To delineate the molecular basis of IGF2BP1-mediated regulation of YAP1/TAZ-driven gene expression, we focused on two prime candidate targets: YAP1 and TEAD4 (cf. Fig. 2B). IGF2BP1 binding to YAP1 and TEAD4 mRNAs was determined by RIP studies in ES-2 cells lacking IGF2BP1, and re-expressing either GFP (control), a previously characterized RNA-binding deficient IGF2BP1-mutant (KH) [37, 63], or the GFP-fused wild-type IGF2BP1 (G-I1; Fig. 3A). Only the wild-type protein co-purified with ELAVL1 (HuR), a previously reported RNA-dependent binding partner of IGF2BP1 [64] (Supplementary Fig. S3A). RIP studies indicated strong enrichment of YAP1 and the previously reported, conserved target mRNA HMGA2 [23]. In sharp contrast, and consistent with the lack of conserved CLIP hits for IGF2BP1 (cf. Supplementary Fig. S2A), TEAD4 transcripts were not enriched with G-I1 above control levels. To corroborate direct association of IGF2BP1 with the YAP1 mRNA, we focused on a high-confidence binding site identified by eCLIP studies in HEPG2 cells [21]. This site overlaps with reported miRNA-binding sites for the miR-16 family, known to regulate YAP1 expression in gastric- and cholangiocarcinoma [13, 65] (Supplementary Fig. S2A). Isothermal spectral shift spectroscopy analyses and MST with recombinant human IGF2BP1 and a Cy5-labeled RNA probe derived from the YAP1 high-confidence binding site confirmed robust binding with K_d values in the low nanomolar range (Supplementary Fig. S3B). Further validation using RIP studies showed that BTYNB (BT) significantly reduced IGF2BP1’s association with both HMGA2 and YAP1 mRNAs (Supplementary Fig. S3C). In view of IGF2BP1’s conserved role in stabilizing mRNAs in cancer cells [21], these findings strongly suggested RNA-binding-dependent enhancement of YAP1 expression by IGF2BP1.
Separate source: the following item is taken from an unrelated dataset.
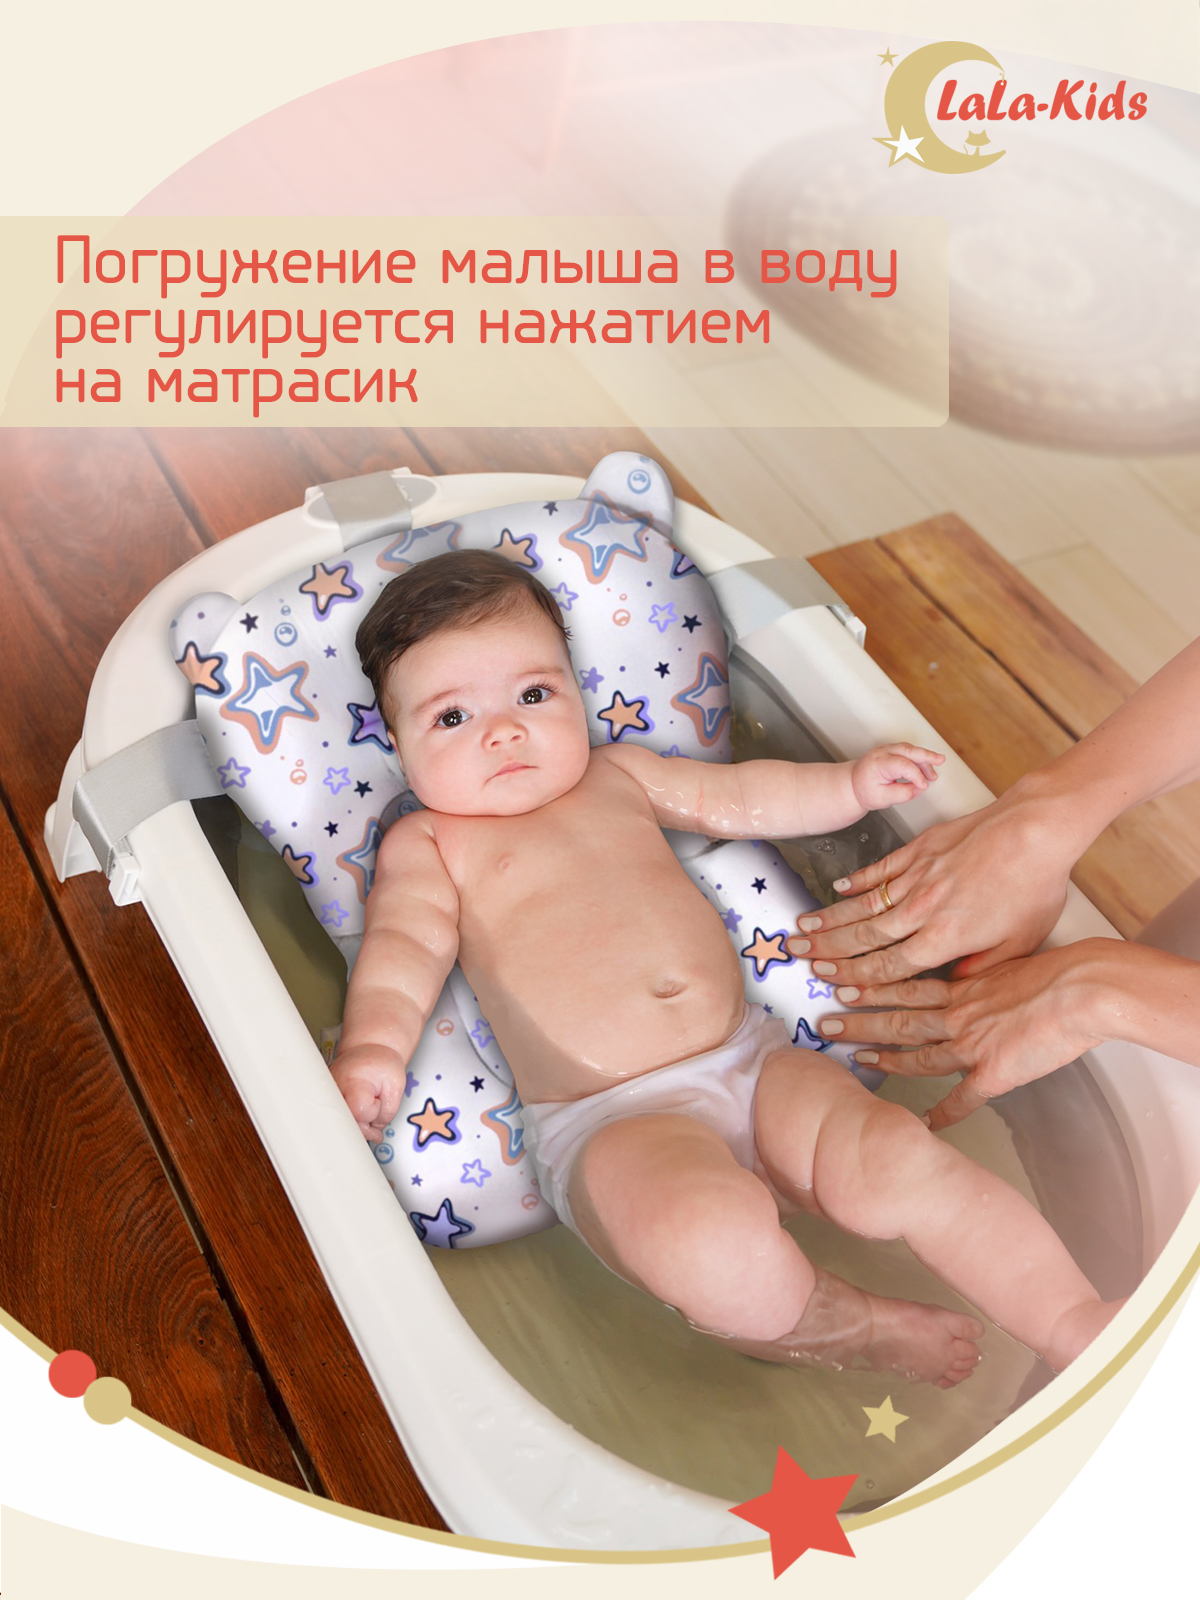 Детская ванночка с термометром LaLa-Kids складная с матрасиком фиолетовым в комплекте - фото 18

In support, only the re-expression of wild-type IGF2BP1, but not the RNA-binding deficient mutant (KH) restored YAP1 expression in IGF2BP1-knockout ES-2 cells (Fig. 3B). The hypothesis that IGF2BP1 stabilizes YAP1 mRNA was tested by RNA decay assays following transcriptional inhibition via Actinomycin D (Fig. 3C). These studies demonstrated ∼3-fold increase in YAP1 mRNA degradation in IGF2BP1-deleted ES-2 cells, confirming IGF2BP1’s role in stabilizing YAP1 mRNA. The investigation of reported IGF2BP1-CLIP sites in the YAP1 mRNA suggested strong association at the 3′UTR and thus 3′UTR-dependent regulation (cf. Supplementary Fig. S2A), as previously reported for various target mRNAs stabilized by IGF2BP1 [21, 24–26 ]. Luciferase reporters containing the YAP1 3′UTR showed ∼2-fold reduced activity following IGF2BP1 knockdown and, most notably, in response to BTYNB treatment (Fig. 3D). The critical role of the 3′UTR was further corroborated by CRISPR-guided deletion of the YAP1-3′UTR. This significantly reduced YAP1 protein abundance and abolished IGF2BP1-dependent regulation (Fig. 3E). Studies in glioma cell models suggested that IGF2BP1 controls YAP1 abundance in an m⁶A-dependent manner [14]. Consistent with this, YAP1 mRNA harbors several m⁶A sites (Supplementary Fig. S2A) according to RMBase [46, 47]. Deletion of the m⁶A methyltransferase METTL3 in ES-2 cells reduced global m⁶A levels, YAP1 expression, and cell growth, whereas IGF2BP1 abundance remained essentially unaffected (Fig. 3F and Supplementary Fig. S3D–F). Notably, IGF2BP1 knockdown still modestly reduced YAP1 levels in METTL3-deficient cells, suggesting that m⁶A modification promotes, but is not essential for, the IGF2BP1-mediated regulation of YAP1. In agreement with a stimulatory role of m⁶A modification, RIP studies showed diminished YAP1 mRNA association with IGF2BP1 in METTL3-deleted cells (Fig. 3G, and Supplementary Fig. S3F). In summary, these findings establish IGF2BP1 as a druggable regulator of YAP1 abundance, functioning through a combination of m⁶A- and 3′UTR-dependent mechanisms (Fig. 3H).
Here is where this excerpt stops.